More than half of one critical part was failing in operation — and nobody knew why.

A leading manufacturer of heavy-duty engines had built a precision part that controls oil flow through a press-fit assembly. In the field, it was failing at a rate exceeding 50%, with no clear explanation. For a company operating at the leading edge of fuel-injection metrology — and already equipped with respected surface measurement systems — that was both costly and deeply frustrating.

Engineers suspected that subtle differences in surface texture and form quality might separate the parts that passed from the parts that failed. But there was a second, uncomfortable possibility: that the measurement approach itself was hiding the answer. The geometric differences were so fine that existing methods struggled to reveal them with confidence.

To break the deadlock, the team needed faster insight, more reliable data, and fundamentally a different way of measuring.

The parts in question were unusually tall, so the demonstration began with an improvised touch: a raised mounting setup to give the components enough clearance under the profiler. That small workaround turned into the first proof point — thanks to the system's generous working distance, even bulky parts could be measured with minimal preparation.

From there, the advantages became immediately clear. Parts that would previously have required stitching several measurements together were now captured in a single field of view — faster, and with fewer sources of error.

For larger components that still required stitching, the TrueStitching capability of the Pro.Surf provided a more consistent and reliable measurement workflow.

Another important advantage was the system’s non-contact, objective-less design. Unlike contact-based approaches, it avoids physical contact with sensitive reference elements, helping reduce wear, maintenance effort, and the risk of costly downtime.

Beyond the large field of view, the TopMap Pro.Surf was well suited for real production environments. 

Compared to microscope-based systems, the large working distance made it possible to measure taller or more complex components with minimal preparation and fewer handling constraints.

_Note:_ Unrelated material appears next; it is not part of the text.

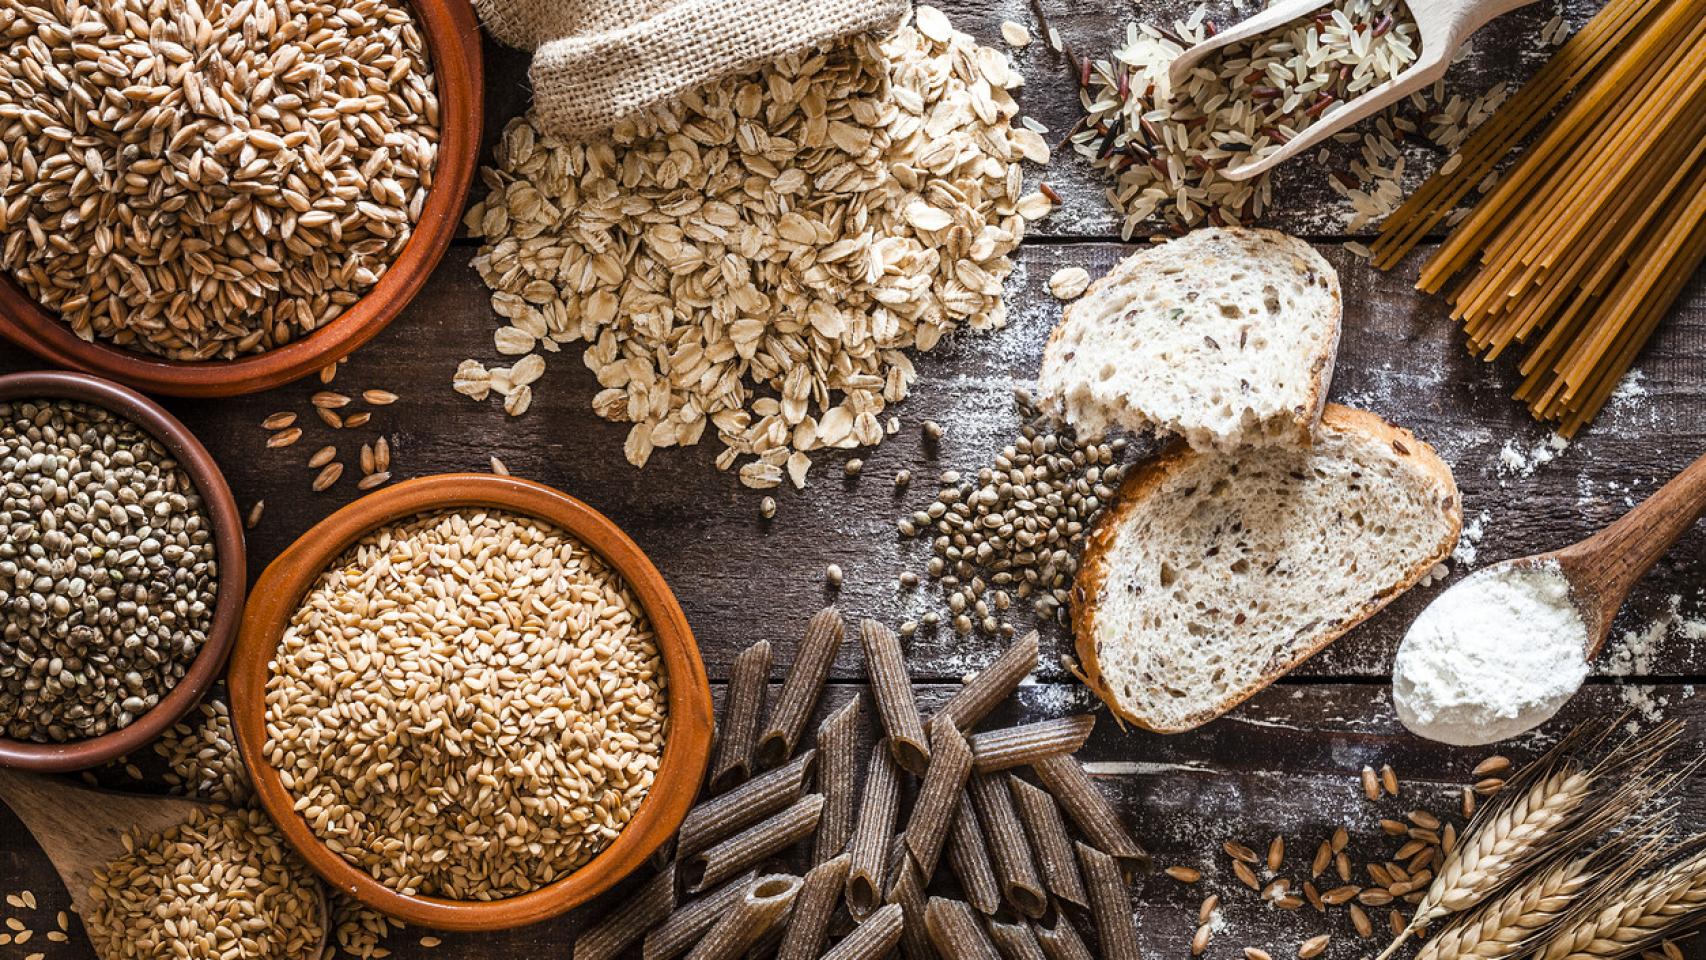 Las fibras presentes en algunos cereales tienen propiedades muy interesantes para perder peso.

At the same time, the objective-less system design reduced common risks in daily operation:

• No objective crash risk
• Less cleaning and adjustment effort
• Reduced maintenance-related downtime
• Lower risk of expensive repairs

This made the system not only powerful, but practical for quality, production, and engineering teams.

With the new approach, the team did not only gain speed — they also gained confidence in the measurement data. Results more reliably reflected the actual surface conditions, which was critical when evaluating subtle geometric differences on functional components.

At the same time, faster measurement cycles allowed more parts to be analyzed in a shorter time, enabling broader comparisons and a stronger basis for decision-making.

Instead of spending time on complex setups, stitching workflows, or repeated measurements, engineers could focus on the actual question:

What is different between parts that pass and parts that fail?

This combination of improved measurement quality and higher throughput enabled a more efficient, data-driven approach to root cause analysis.

The benefits were clear:

• More reliable representation of real surface conditions
• Faster comparison of good and failed parts
• Ability to analyze larger sample sets
• More confidence in measurement results
• Shorter analysis loops

A clearer path toward identifying the root cause 

On high-precision parts like those inside heavy-duty engines, the smallest geometric differences can decide whether a component survives in the field or fails. That is exactly why a more-than-50% failure rate, with no clear cause, became the single biggest reason this team chose to act.

With a measurement approach that finally revealed what their previous systems could not, they could compare good and failed parts side by side, analyze far more samples in less time, and base decisions on data they trusted. Reliable surface measurement stopped being an isolated quality check and became a key to understanding why the part behaved the way it did.

By making measurements faster, reducing uncertainty, and turning complex parts into clear data, the TopMap Pro.Surf helped the team move from “we don’t know why” to a confident path toward the root cause. Because in the end, it is about measuring what matters.